The Hoquiam waterfront had a precedent; in the 1980s it was a popular place to visit. Now that development has taken interest in the area, the community has to think seriously about who it is, and who it’s going to become. And how money is going to be spent to get it there.
Hoquiam is in a fine place at the mouth of the river, where the harbor ties the city to its watery history. Its proximity to Aberdeen, the rival city to the east, means any decision about growth has reverberating effects. Hoquiam’s decisions about what kind of city it wants to become will potentially unite or divide the region, meaning Hoquiam is the little sibling that has to be the grown-up.
It’s a matter of responsible decisions — balancing its connection to its past with its potential future identity, finding the right leaders to enact and carry out those decisions. For small towns, these kinds of development decisions are so important because so much of the community itself will be changed, both the identity and the infrastructure. But if you have the advantage of location, that’s a good start.
The evolution of a town is always a delicate act, as much art as commerce. A town that has been established for one reason may find the need to explore other options as times change, which inevitably, of course, they do. But the way a town changes is a thing well worth paying attention to, because it says a lot about the changes in our culture at large.
Hoquiam, Washington is an interesting example of these changes. Originally a logging town, it continues to celebrate its heritage with an internationally known event called Loggers’ Playday. And every fall there is a logging competition and parade to remind the people of the town how their hamlet came to be. But where some traditions are timeless, fundamental to the fabric of a town’s culture, others have to be created anew.

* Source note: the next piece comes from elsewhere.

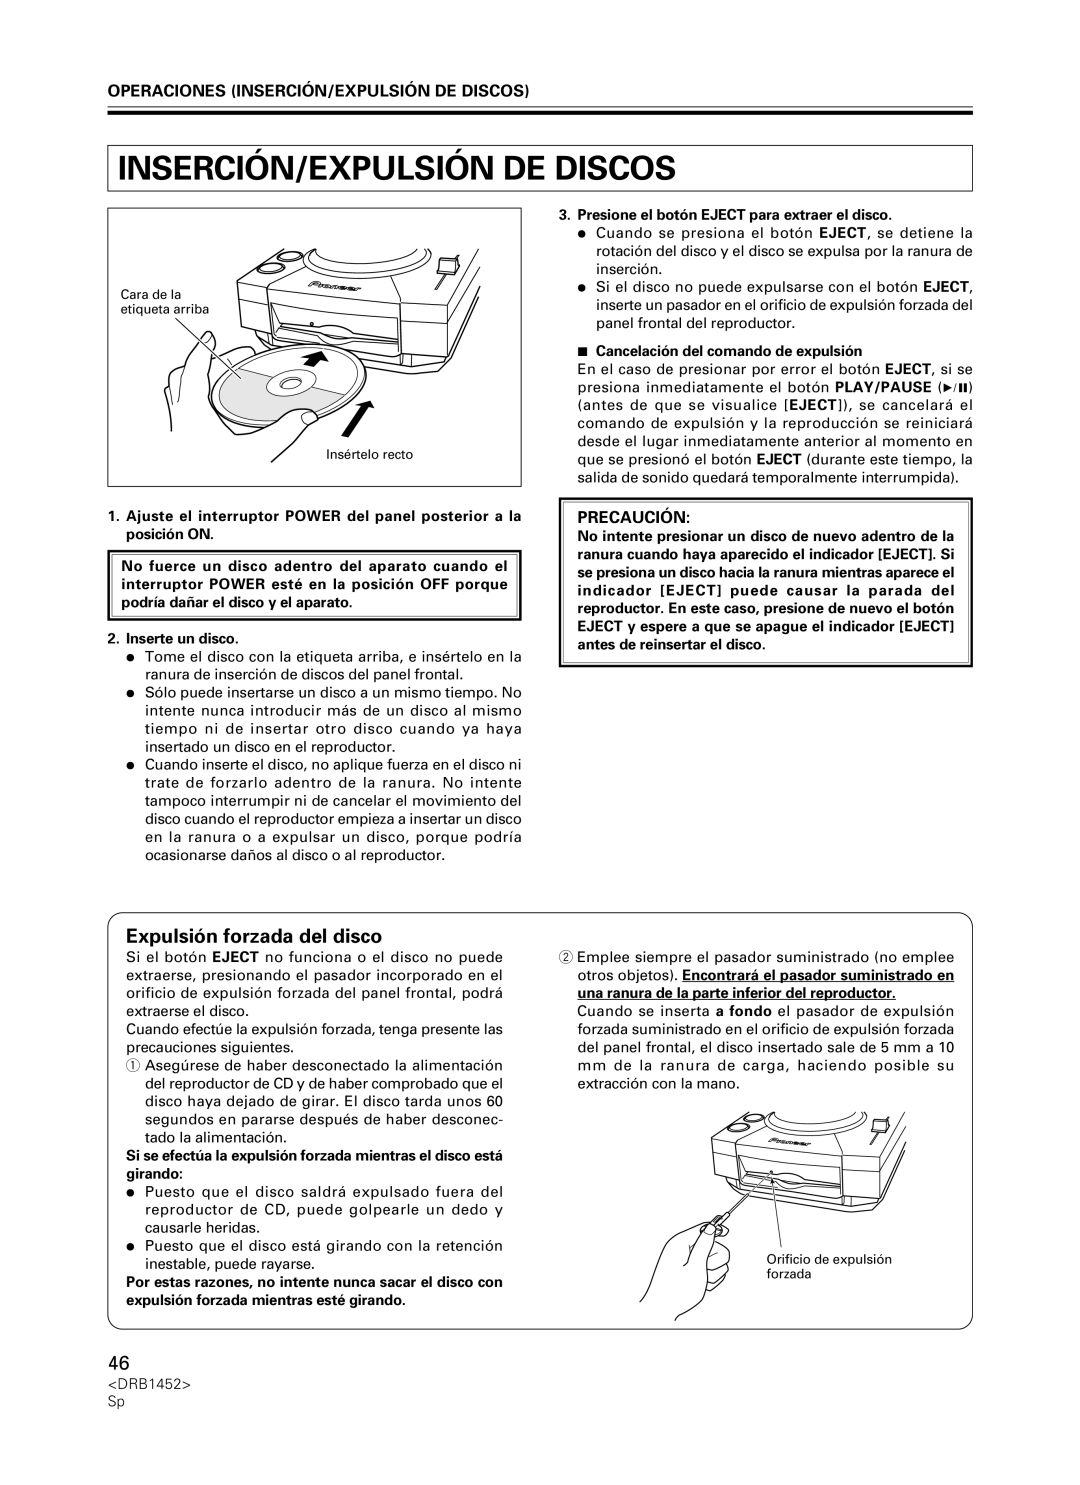 Pioneer CDJ-400 manual Expulsión forzada del disco, Operaciones Inserción/Expulsión De Discos, Precaución

Consider the city’s waterfront. This stretch of city in downtown has been underused since its previous heyday in the 1980s. Now that some development has taken an interest in it, there’s a possibility for it to become a much more colorful and vital part of the local community. It can’t be all logging contests and lumber festivals, after all.
There’s space on the waterfront for hotels and shops, the kind of commerce that makes a town a city — or at least a bigger town. A good waterfront area has done much for other cities, notably San Antonio and Baltimore. It creates a kind of city center with room for dining and shopping and entertainment. And of course there’s a natural feature that serves as built-in scenery, something to sit by while sipping drinks or having a bit of dinner.
The town has a good, and good-natured reason, to revitalize its waterfront. It has a bit of a rivalry with its neighbor and sister city Aberdeen, the larger town to its east. Often bigger cities get more tourism, more tax money, more opportunities, than the smaller neighbor nearby. Kind of like the older sibling who gets the new clothes and leaves the hand-me-downs for the younger kid. If Hoquiam could get organized and turn its downtown into a beautiful and usable waterfront district, it would have a good chance at showing its big brother next door what a real town is like.
A town’s history is important, but so is its future direction. New ideas need to be embraced. Hoquiam, like many small towns, needs to be brave in embracing its possibilities for that future — it can preserve its history even as it evolves.